Maximizing the pairwise point distance in $[-1,1]$

Question

How can we prove that, given $n$ points in $[-1,1]$, the sum of all their pairwise Euclidean distances (or, equivalently, their average Euclidean distance) is maximized if $\lfloor n/2 \rfloor$ points are placed at $-1$ and the remaining points are placed at $1$?

Answer 1

WLOG assume $-1 \leqslant x_1 \leqslant x_2 \leqslant \cdots \leqslant x_n \leqslant 1$.

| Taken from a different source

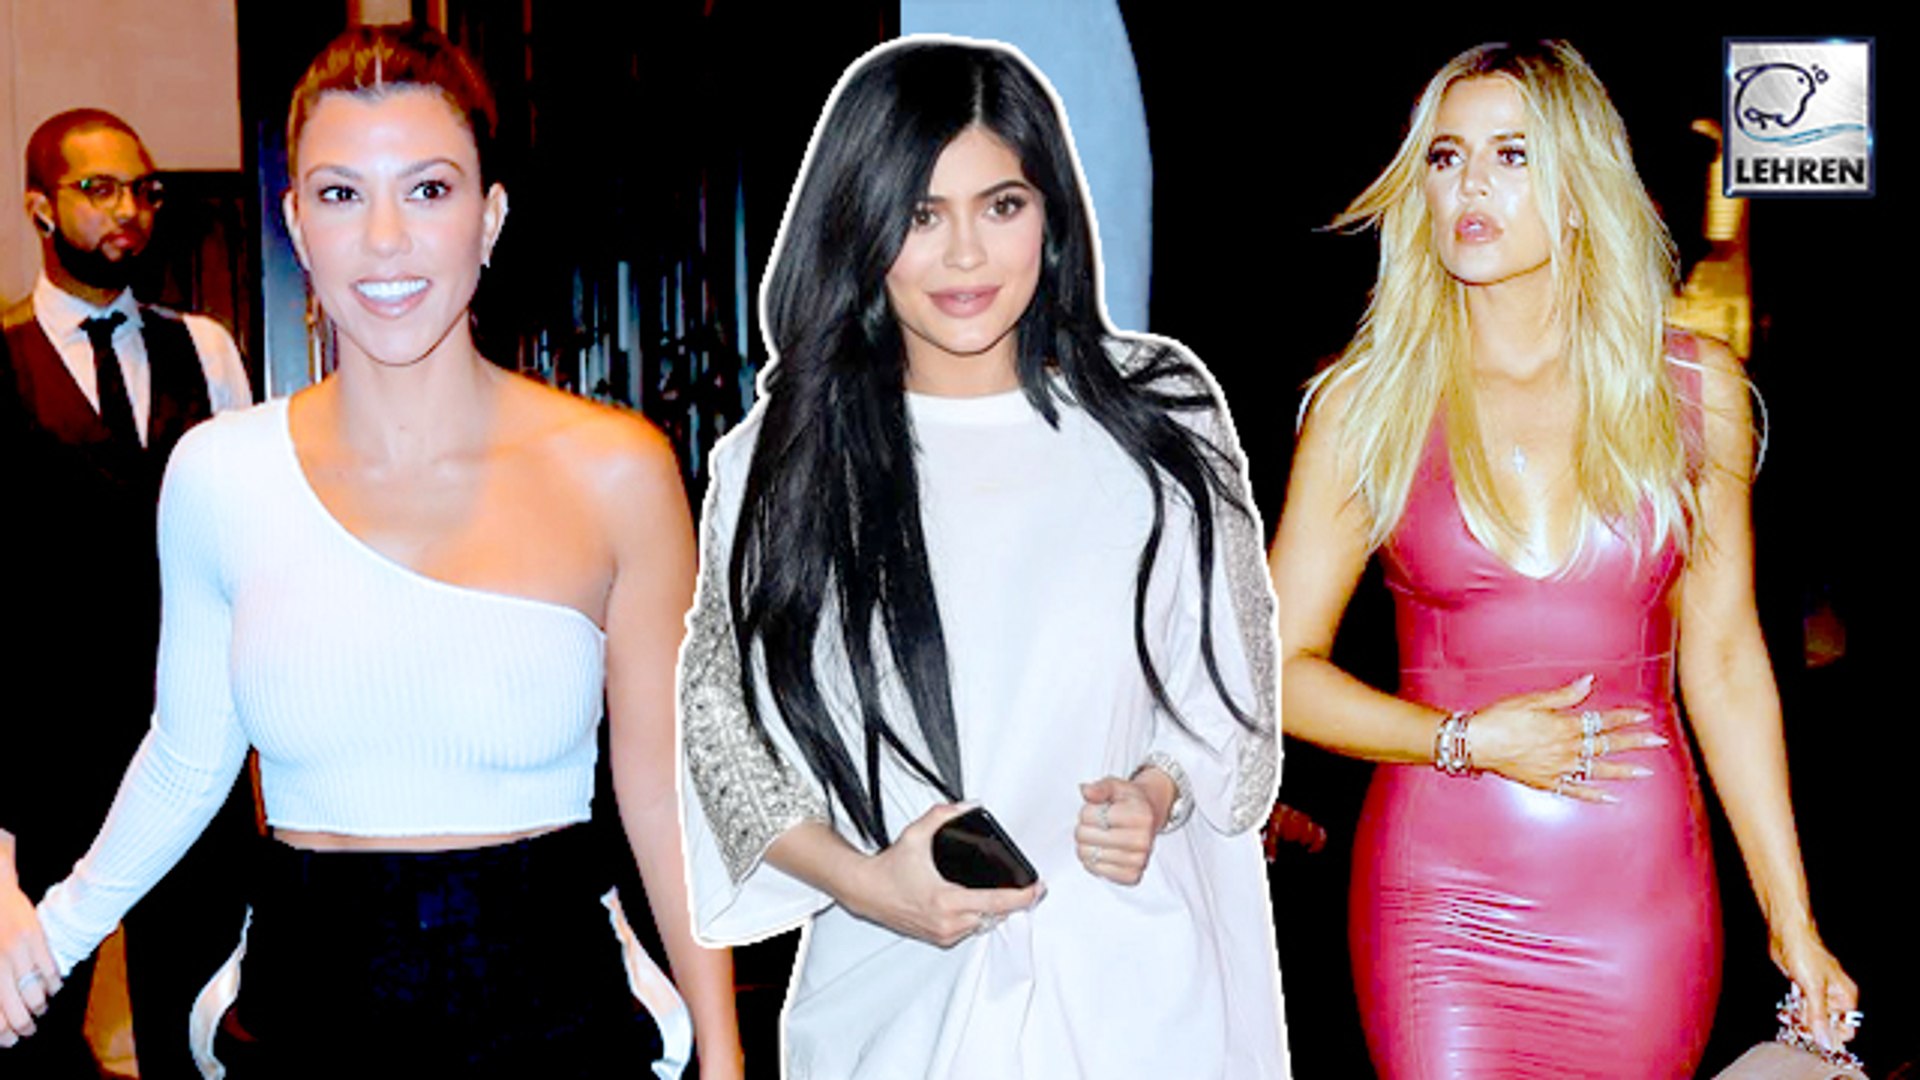 Kylie Jenner Takes Co-parenting Tips From Sisters Khloe & Kourtney

Total distance is $$ \sum_{i<j} (x_j-x_i) = [0-(n-1)]x_1+[1-(n-2)]x_2-\cdots + [(n-1)-0]x_n\\ =-(n-1)x_1-(n-3)x_2 - \cdots +(n-1)x_n\\ \leqslant -(n-1)(-1)-(n-3)(-1) - \cdots + (n-1)\cdot 1. $$

$"=" \iff x_1=x_2=\cdots =x_{\lceil\frac{n-1}{2}\rceil}=-1, x_{\lfloor\frac{n+3}{2}\rfloor}=\cdots=x_n=1.$

If $n$ is odd then $x_{\frac{n+1}{2}}$ can be anywhere between -1 and 1.